The court’s decision is a setback for the Muslim Brotherhood, which ambitiously set out to dominate the constitution-writing process and vie for the presidency after winning nearly 50 percent of parliamentary seats in recent elections.
The Brotherhood and its Islamist allies had been poised to write the constitution without liberal, leftist, and other members, who resigned in protest that the constitution-writing body was not representative of Egypt. Together, those who resigned had comprised nearly a third of the 100-seat body, known as the constituent assembly.
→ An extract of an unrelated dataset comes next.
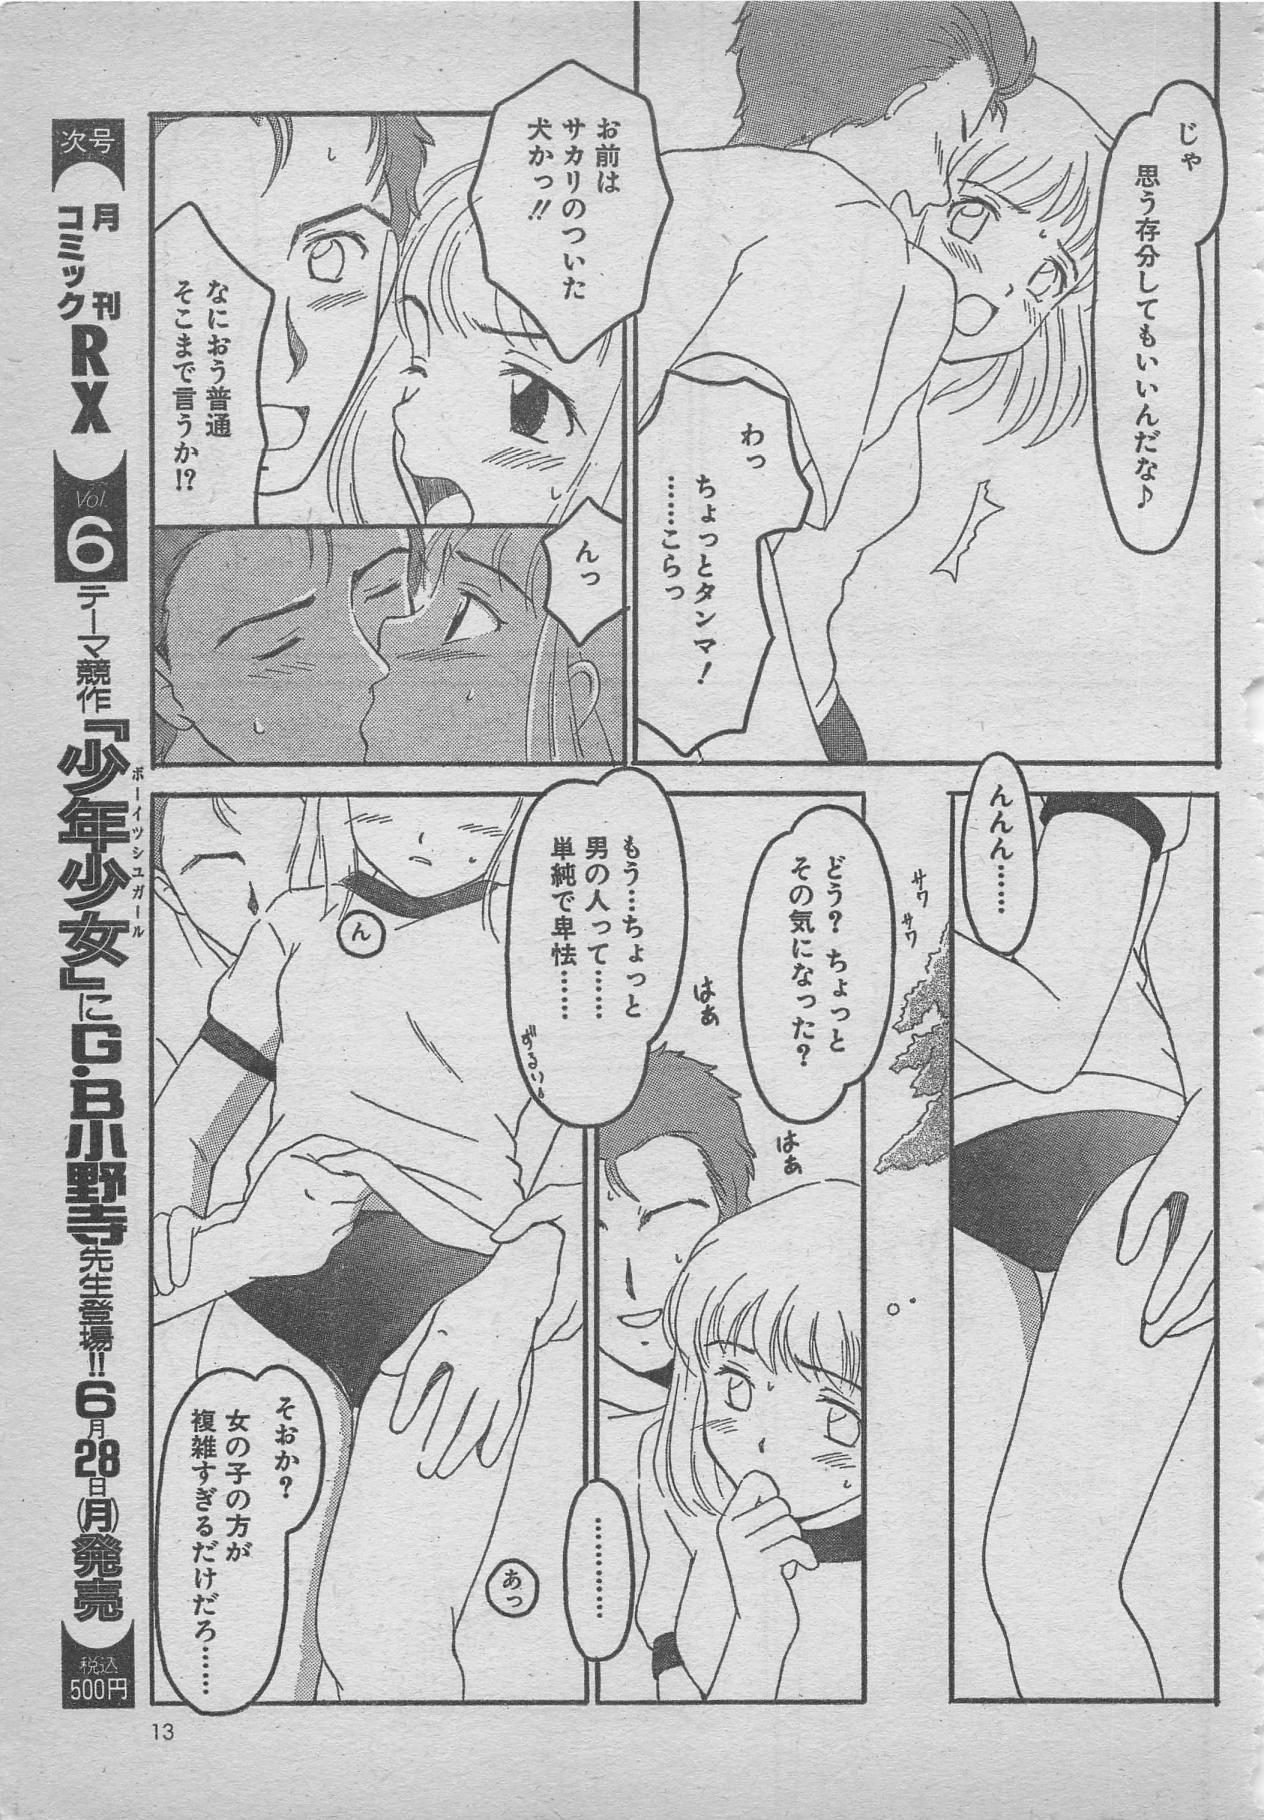 comic RX 1999 vol.5 12

The court ruled that the Islamist-dominated parliament had acted improperly in naming parliamentarians to fill half the 100 seats of the constituent assembly. The Muslim Brotherhood's Freedom and Justice Party (FJP), the largest parliamentary bloc, complained that "politics" had a hand in the judges' decision.
Omar Ashour, an expert on Islamist movements who is a visiting fellow at the Brookings Doha Center, said the court’s decision could signal a move by the ruling military council to intervene in the democratic transition. Removing the military from a political role is one of the major challenges Egypt faces in the years ahead.
“That the administrative court would enter into such a political and ideological battle is not a good sign,” he said. He noted that there are two court cases pending to dissolve the parliament, a move that could throw the transition into chaos.
Brotherhood defends its dominance: 'This is the will of the people'
Now some new body – its composition and selection process as yet unclear – will be tasked with writing the constitution. Some liberals rejoiced in the court’s decision, hoping it would result in a constituent assembly that was more inclusive.
Secular parties had wanted fewer of the members to come from the elected parliament, which is dominated by Islamist parties. In the three-stage election that spanned the end of last year and the beginning of 2012, the FJP and the ultraconservative Nour Party came in first and second, and then worked together to appoint the constituent assembly.
Liberals objected not only to the fact that about 60 percent of the assembly came from an Islamist background but also to the apparent lack of criteria for selecting members, which meant a young spokesman for the Nour Party was included but notable constitutional experts were left off the panel. Few Christians or women were included, and Egypt's Bedouin and Nubian minorities were also underrepresented.